In So, his new show at the near-East Side gallery Proximity, Watson has produced a series of works that resemble found-material installations of plywood, scotch tape, and paper, but are actually uncanny acrylic and oil paintings. Here, layered paint takes on the texture of wood grain and the crinkled edges of a sticker with such realism that the viewer is fooled at all but the most intimate distances. In Watson's own words, they are "paintings becoming objects."

Those paintings begin as smooth plywood panels. Watson then paints the rougher texture and rustic look of raw birch plywood over their surface. All but two of the works in the series are variations on two particular sheets of plywood in Watson's studio, which serve as models; each is repeated, interpreted slightly differently each time, and with different patterns overlain on each interpretation. Watson compares his recycling of the panels to Andrew Wyeth's 15-year fascination with his model, Helga Testorf.

The faux plywood depicted in the painting "Three" is dominated by blue and grayish off-white hexagons in an infinitely repeating pattern, broken up by a splash of candy cane red-and-pink stripes. The panel in "Tomato" (pictured) is painted to look as if it has been treated with a stain applied in a dizzying pattern of circles. At its center is a red dot that looks like a big sticker; the paint is layered near the bottom of its circumference, to make it look as if the sticker is peeling off.

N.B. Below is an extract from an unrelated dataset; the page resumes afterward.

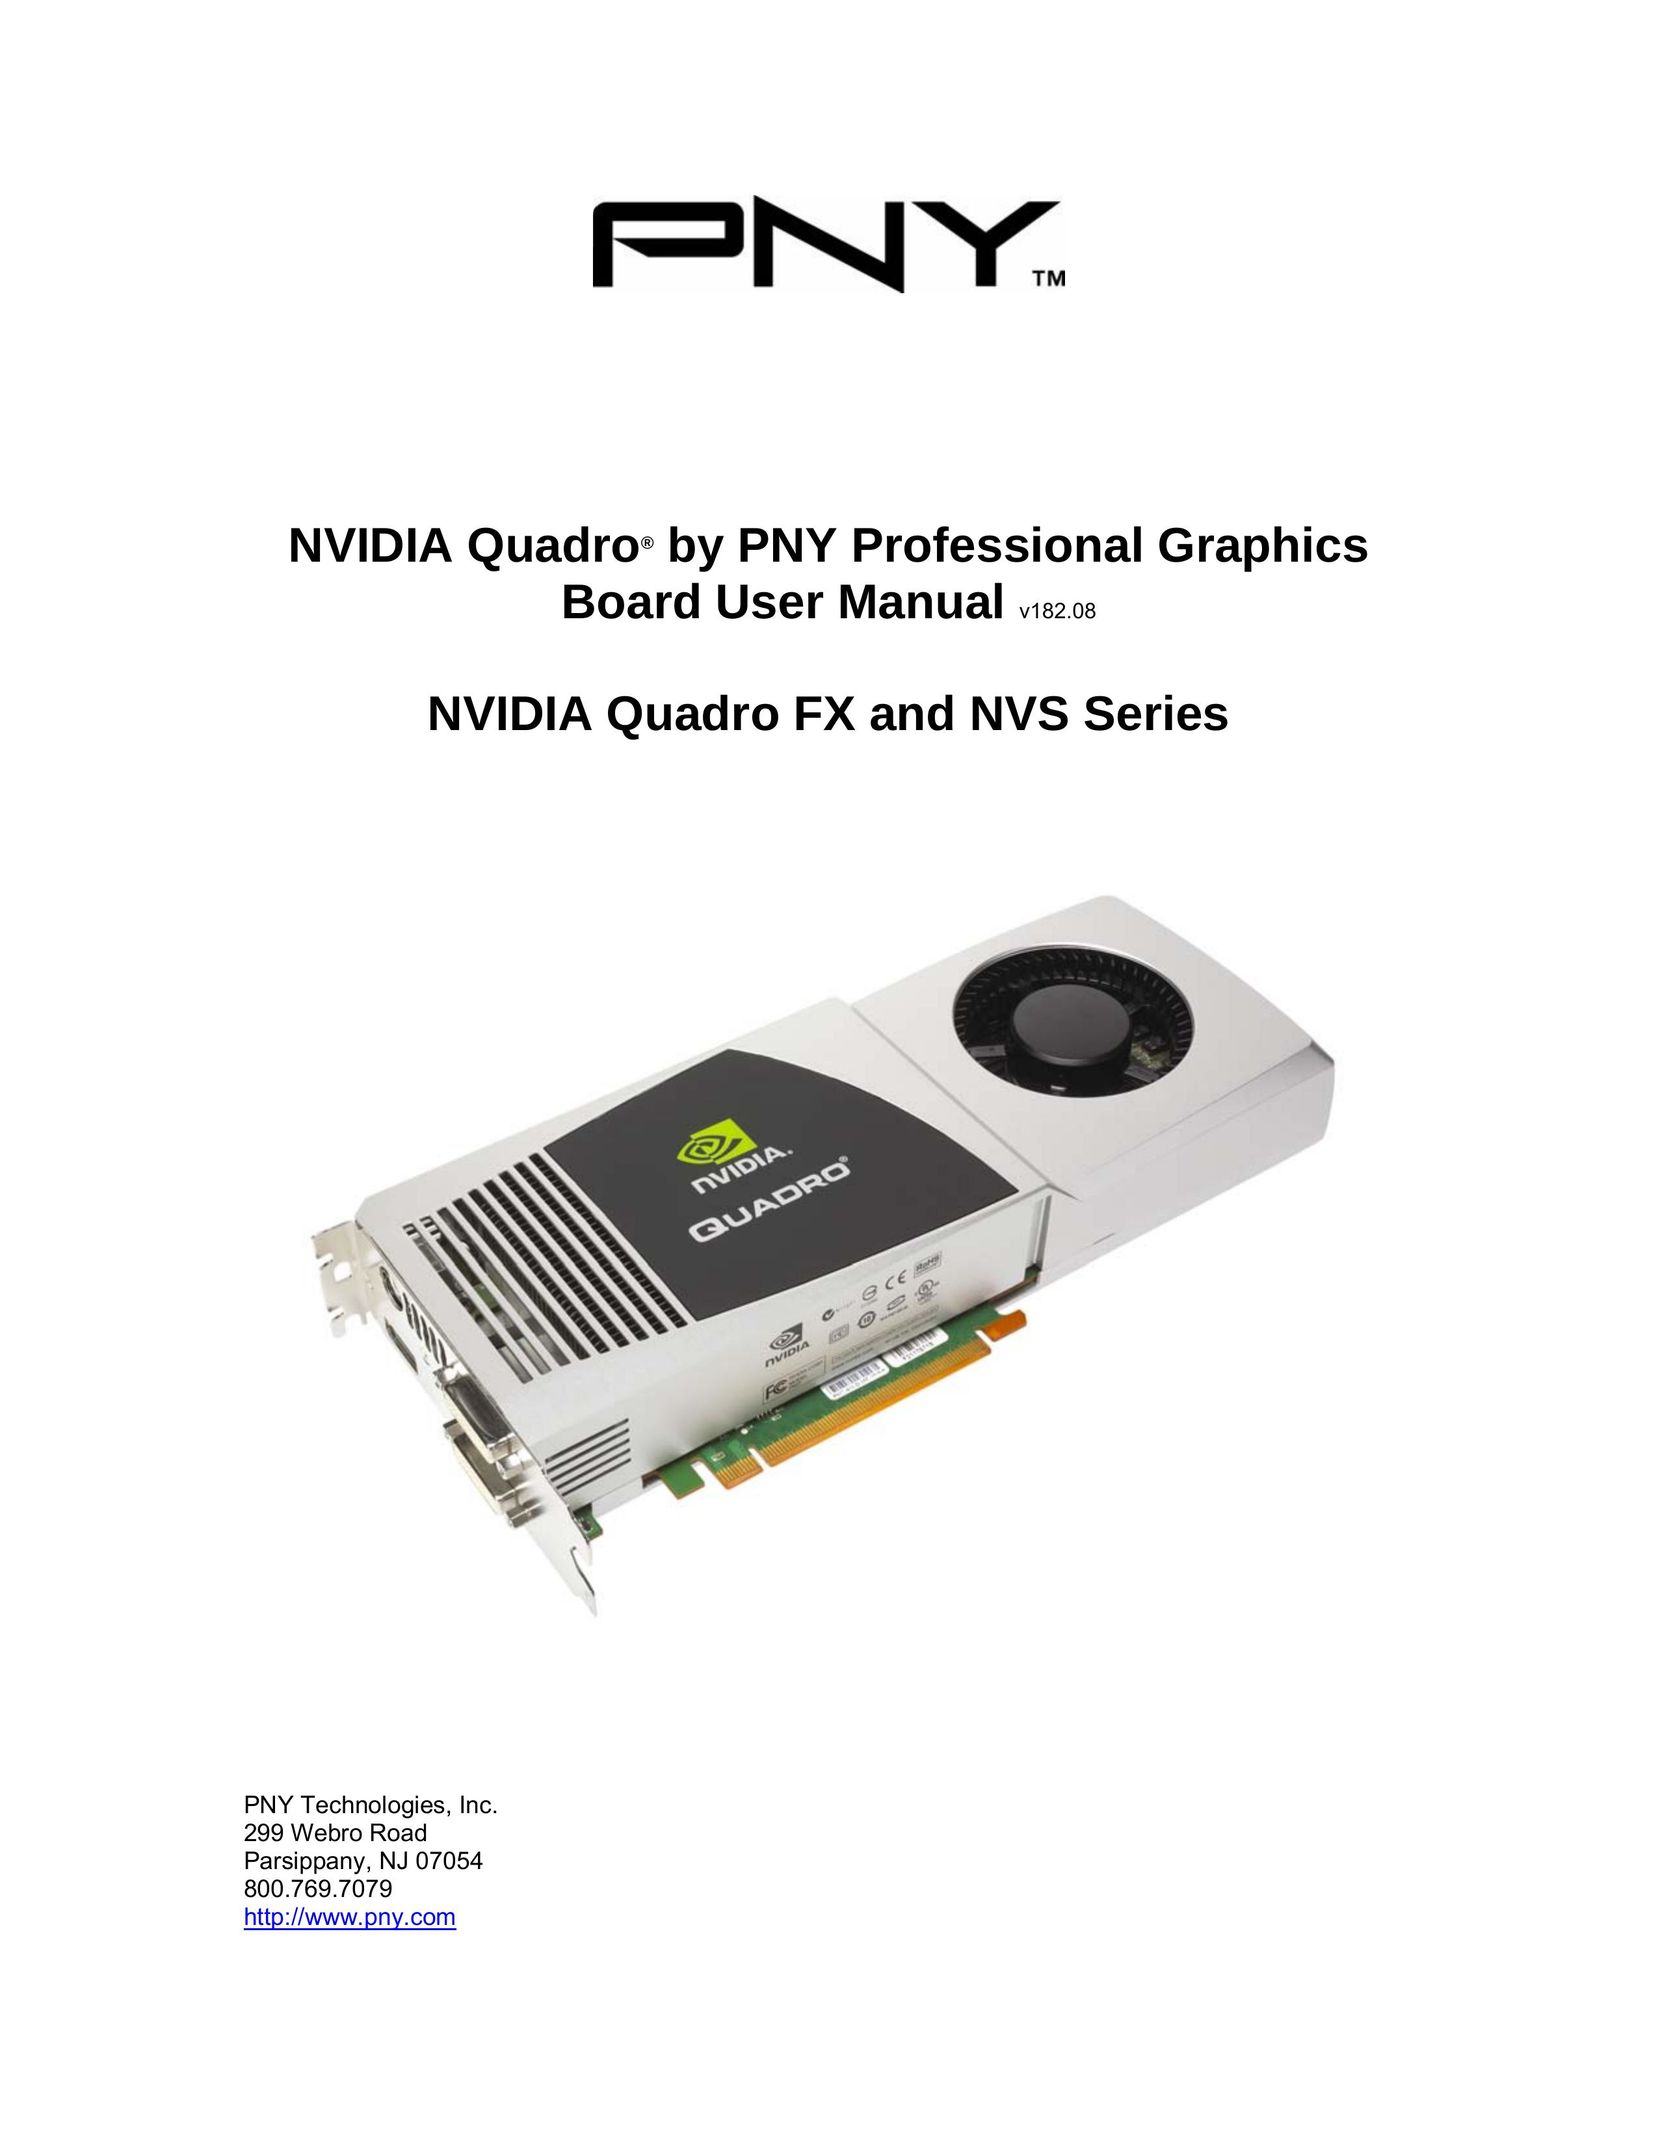 PNY FX 5800G Computer Hardware User Manual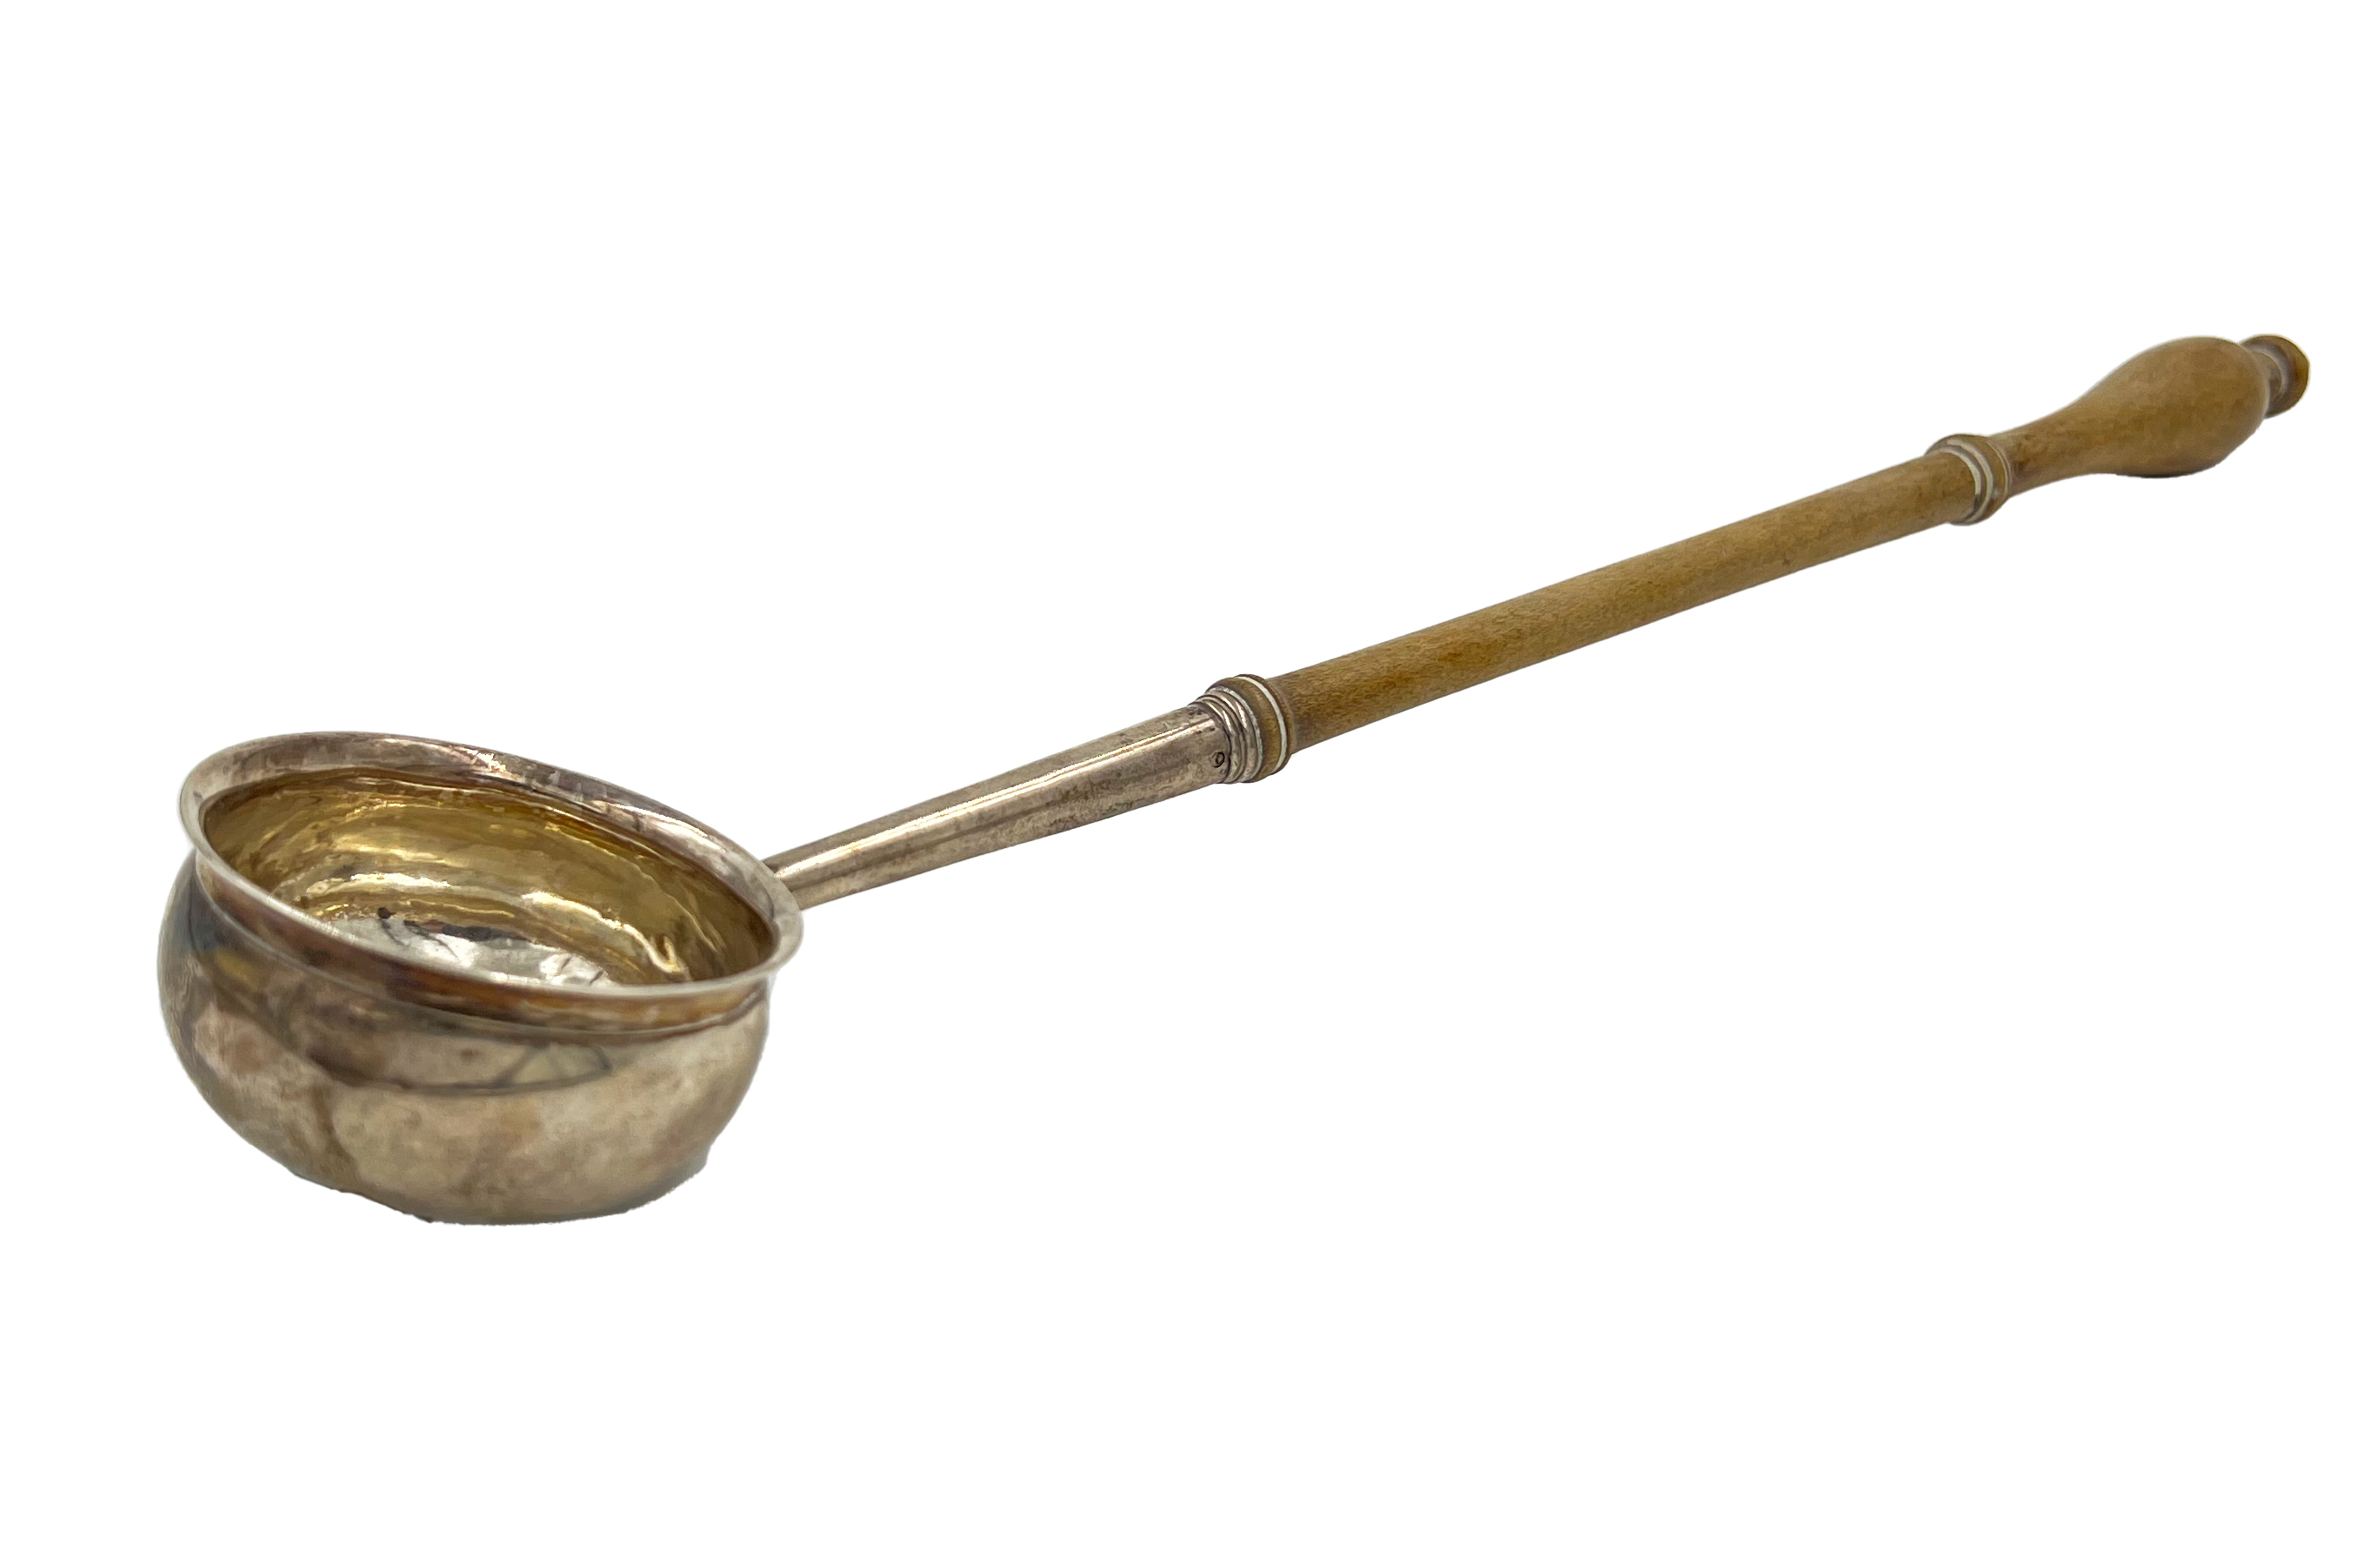 A GEORGIAN SILVER PUNCH/TODDY LADLE WITH TURNED WOODEN HANDLE, LONDON, 1806 - Image 2 of 4

With the exception of "Tomato," the pieces are more conceptually intriguing than they are visually arresting. Still, they work because they are clever — more so than Watson himself admits.

Despite the avowed and convincing representational line the artist takes in describing his work, the pieces straddle abstraction in subversive ways Watson does not himself acknowledge. The plywood subjects are never presented bare, but always overlain with polygons or ragged joints of faux tape and tessellations of geometric patterns lifted from wallpaper designs. They are representations of abstract art objects. Without context, we could easily mistake them for such, thus radically altering our notions of their composition and intent.

"I think it should be that the careful viewer and the person who comes in for free wine see something different," says Watson. "And the careful person sees a bit more."

Watson's intentions for the series, however, are not exhausted by visual experimentation. A resident of Brecksville who has seen several homes in his neighborhood fall into foreclosure, Watson chose construction material as the exhibit's centerpiece in order to reassert its value. Presenting the viewer the same two pieces of plywood again and again accentuates the individuality of even the mass-manufactured objects we consume. Though their parts might be indistinguishable, their history makes them special; there is no object in the world like Grandpa's watch, even though it is one of thousands of identical timepieces. But because it is the object of shared familial memories, it is a treasure. So too, Watson suggests, should we stop and think about the physical material our homes are made of and what it means when those items are manufactured impersonally.

Still, it's a tough sell. Hardware materials are not the most intrinsically lovable or stimulating objects we encounter in our lives, and cultivating an appreciation for them is a demanding task. But if our considerations of plywood are thought of as a first remark in a longer conversation about material culture, it is not a bad starting place.